══ Information supplied
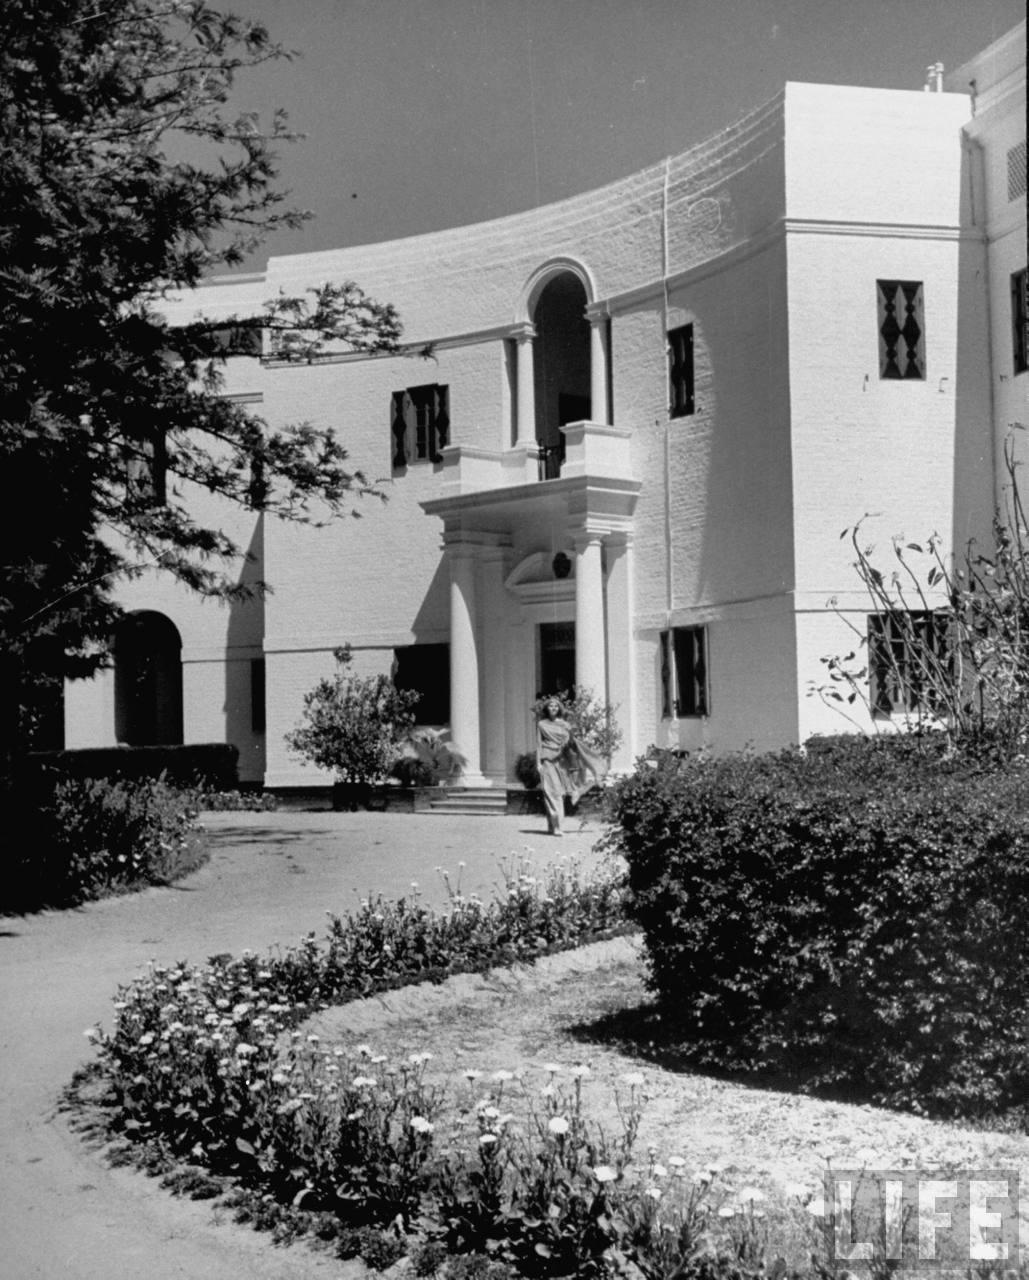 Palatial home of Mohammed Ali Jinnah
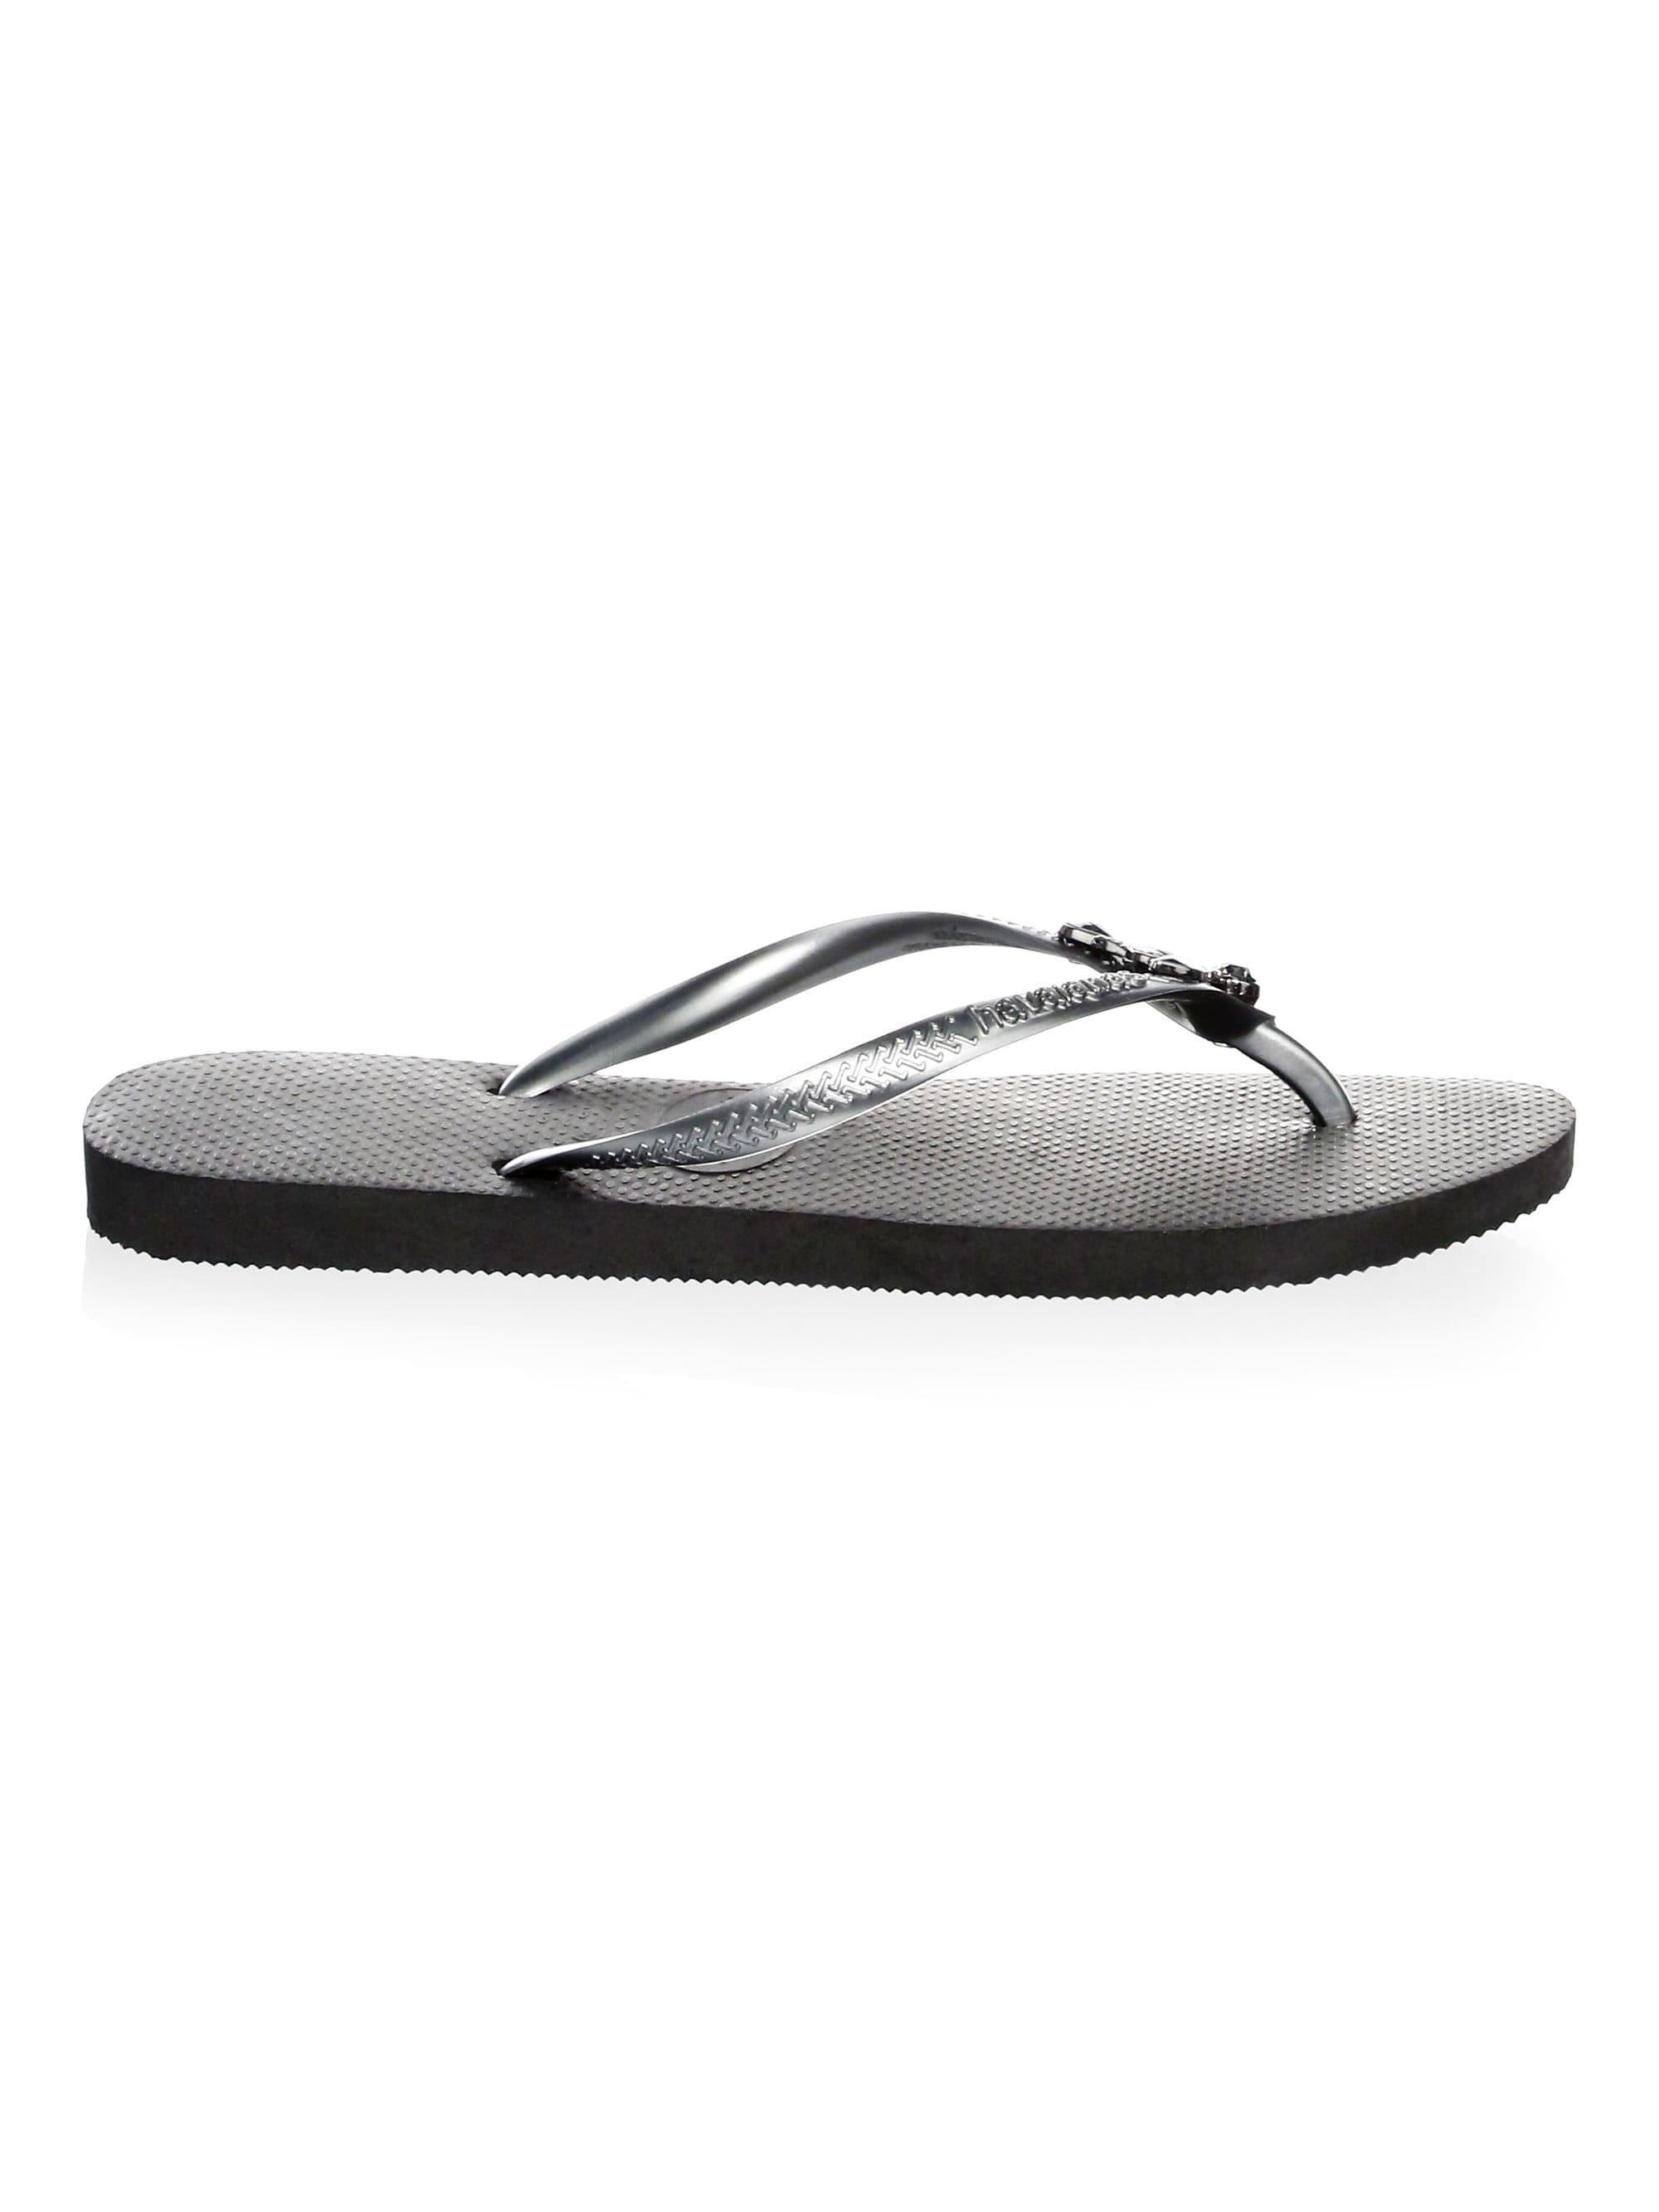 9090f3d6f095ad Havaianas - Black Women s Slim Lux Swarovski Crystal Flip Flops - Sand -  Size 39-
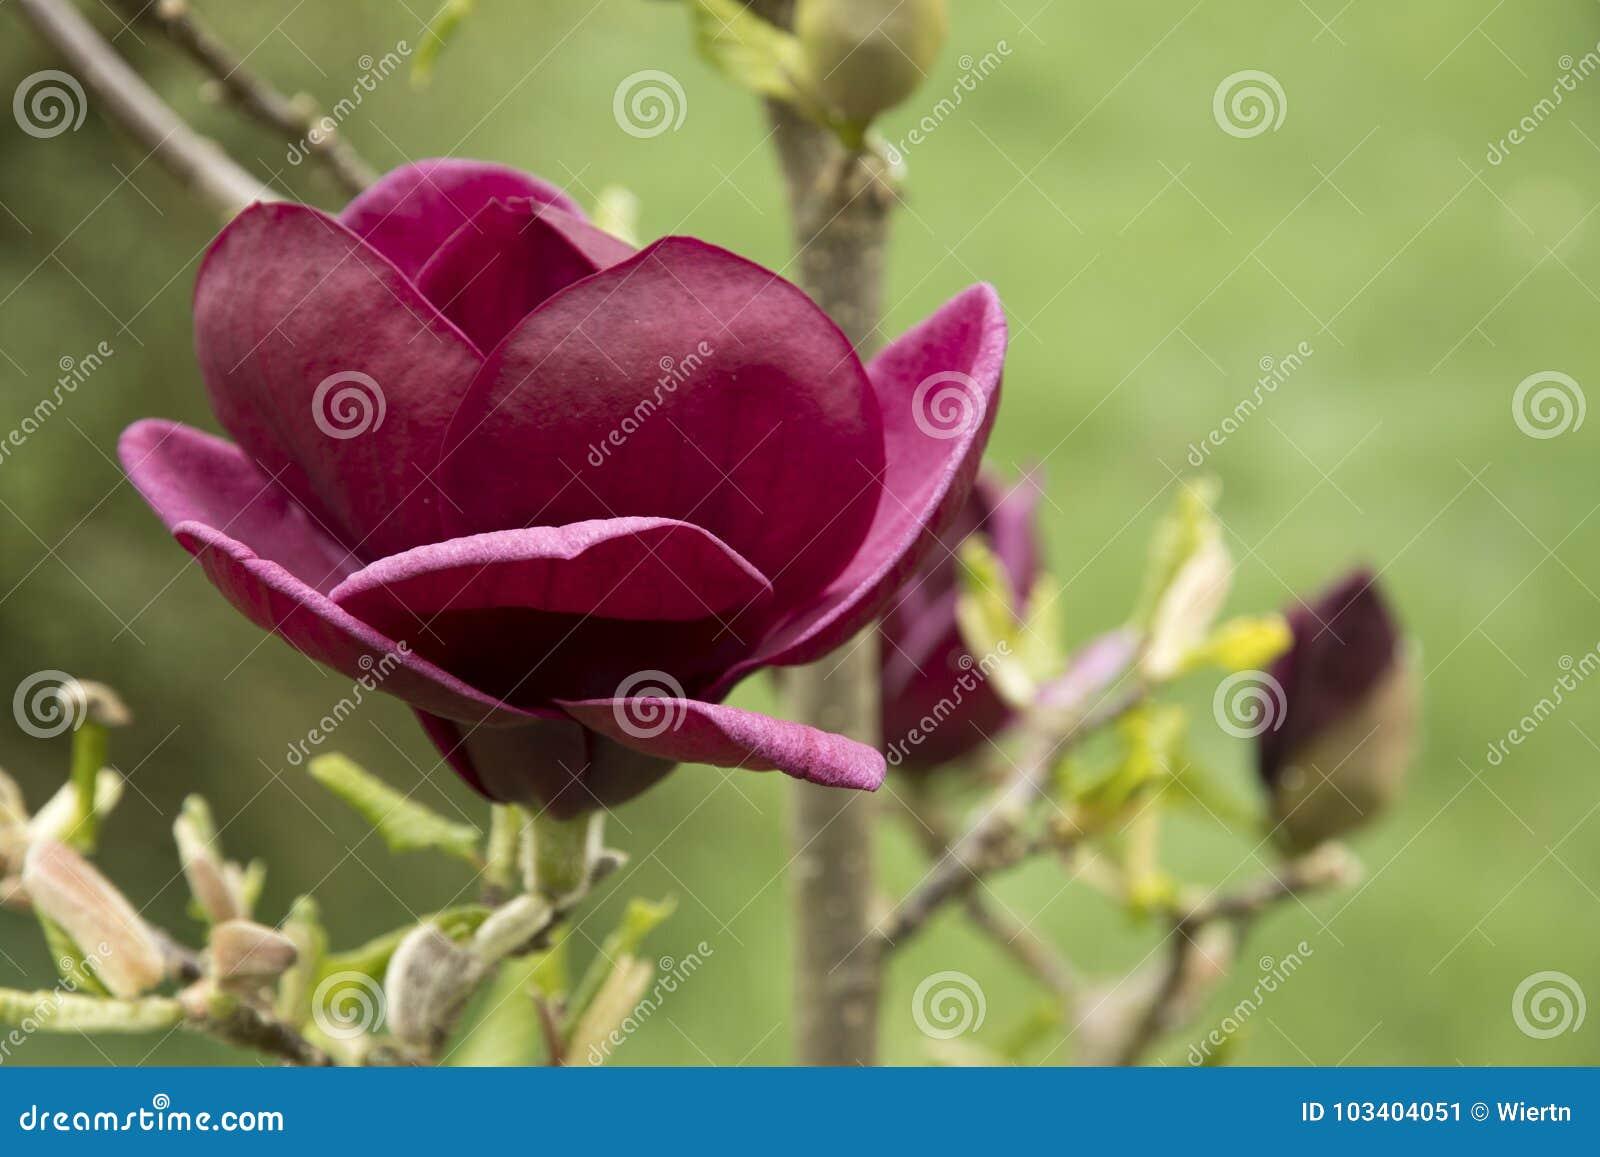 Magnolia Soulangeana X Liliiflora Genie Stock Image Image Of
════
Please set down the whole listing exactly, apart from the pictures.

▸ Written reply
 Palatial home of Mohammed Ali Jinnah
 9090f3d6f095ad Havaianas - Black Women s Slim Lux Swarovski Crystal Flip Flops - Sand -  Size 39-
 Magnolia Soulangeana X Liliiflora Genie Stock Image Image Of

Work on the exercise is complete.